Pour Liam, la politique institutionnelle est bien souvent un moyen de faire violence aux personnes les plus marginales. Pour lui, à l'instar de plusieurs participant.es, le travail du sexe/prostitution ne devrait pas être légalisé. Non pas parce que c'est un travail profondément exploitatif, mais parce ce que l'État chercherait à l'encadrer en reproduisant les rapports de domination et d'oppression.

« Si ça devenait légal, ça deviendrait contrôlé par l'État, par les tarifs. Ça va créer des discriminations, des classes sociales de prostitution. Y en a déjà en fait des classes sociales de prostitution, comme il y en a partout. Une personne blanche va faire plus d'argent comparée à une personne racisée dans le milieu de la prostitution. » (Liam).

Il ajoute que l'État pourrait profiter de situations de vulnérabilité :

« Ça donnerait droit au gouvernement de faire la promotion de la prostitution et ça pourrait amener à plus de tourisme sexuel, donc des personnes plus marginalisées ... Parce que les lois sont faites pour les personnes blanches hétéros et cisgenres, on peut rajouter d'autres adjectifs certainement comme pas de handicap, pas de trouble psychologique.

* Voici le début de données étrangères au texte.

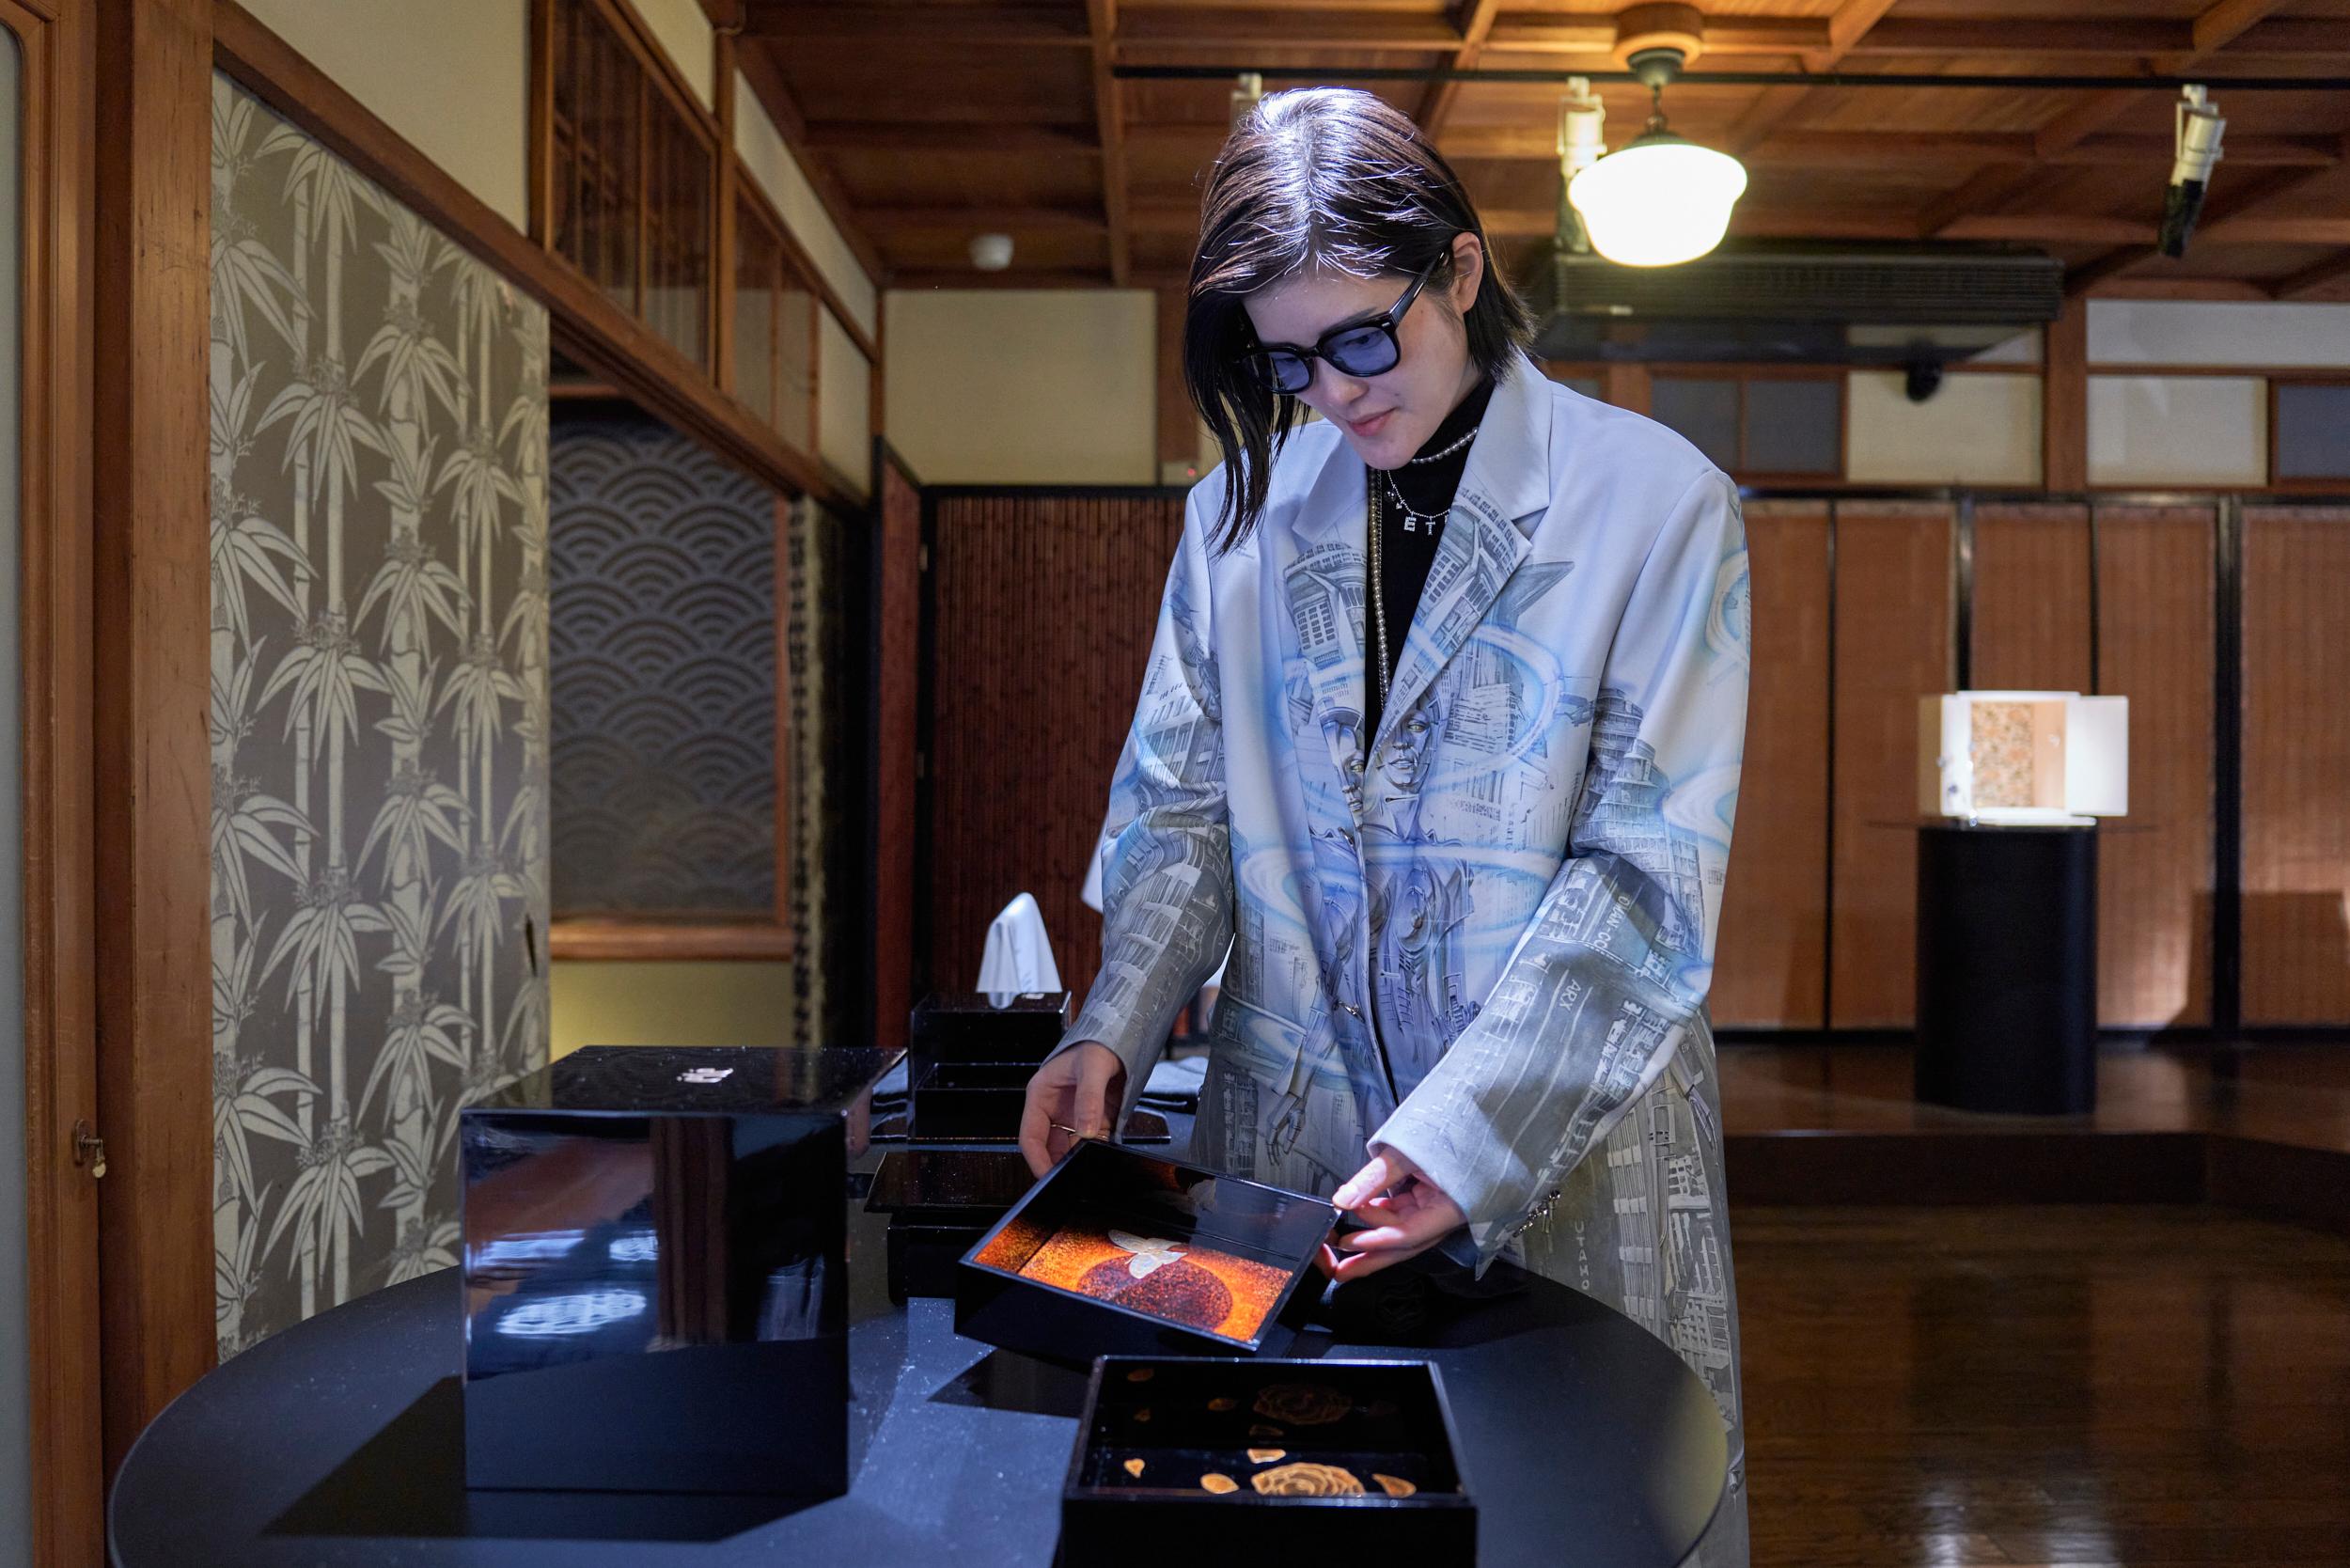 庄司夏子さんとお誂えのケーキボックス
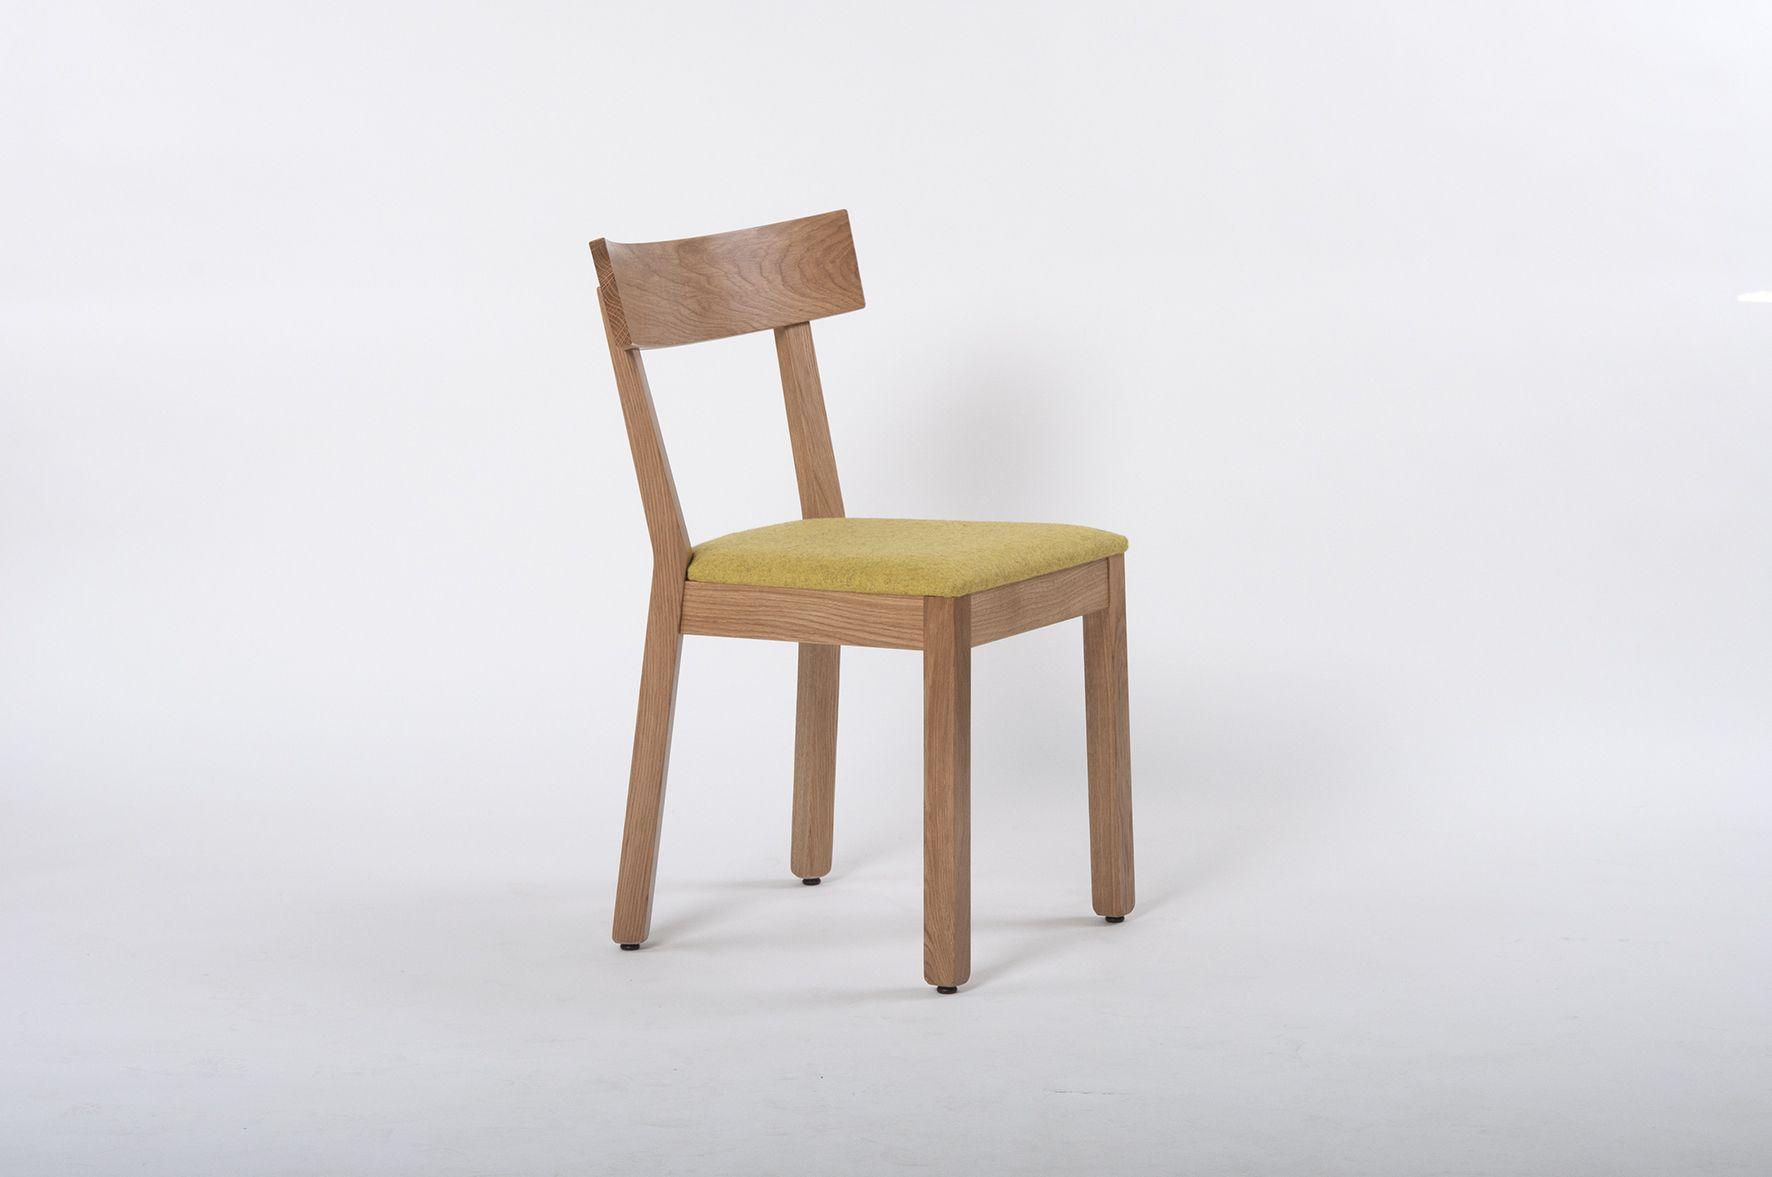 Wie Beim Holz Steht Unser Mobeldesign Unter Der Pramisse Der Nachhaltigkeit Jeder Tisch Jeder Stuhl Wird Mit Viel Lieb Gastronomie Mobel Stuhle Polsterstuhl

Le système dans lequel on est n'est pas dessiné pour les personnes plus marginales et faire ça c'est recréer les mêmes problématiques et il y aurait encore de la prostitution illégale, comme pour les cigarettes par exemple. » (Liam).

Selon lui, la politique institutionnelle constitue la plupart du temps une sphère de pouvoir illégitime. D'ailleurs, Sarrasin, Kruzynski, Jeppesen et Breton (2012) confirment que les militant.es anti-oppressifs et anti-autoritaires jugent l'autorité des gouvernements et de l'État illégitimes parce que l'action politique gouvernementale est inutile pour enrayer les causes d'injustice (2012, 147).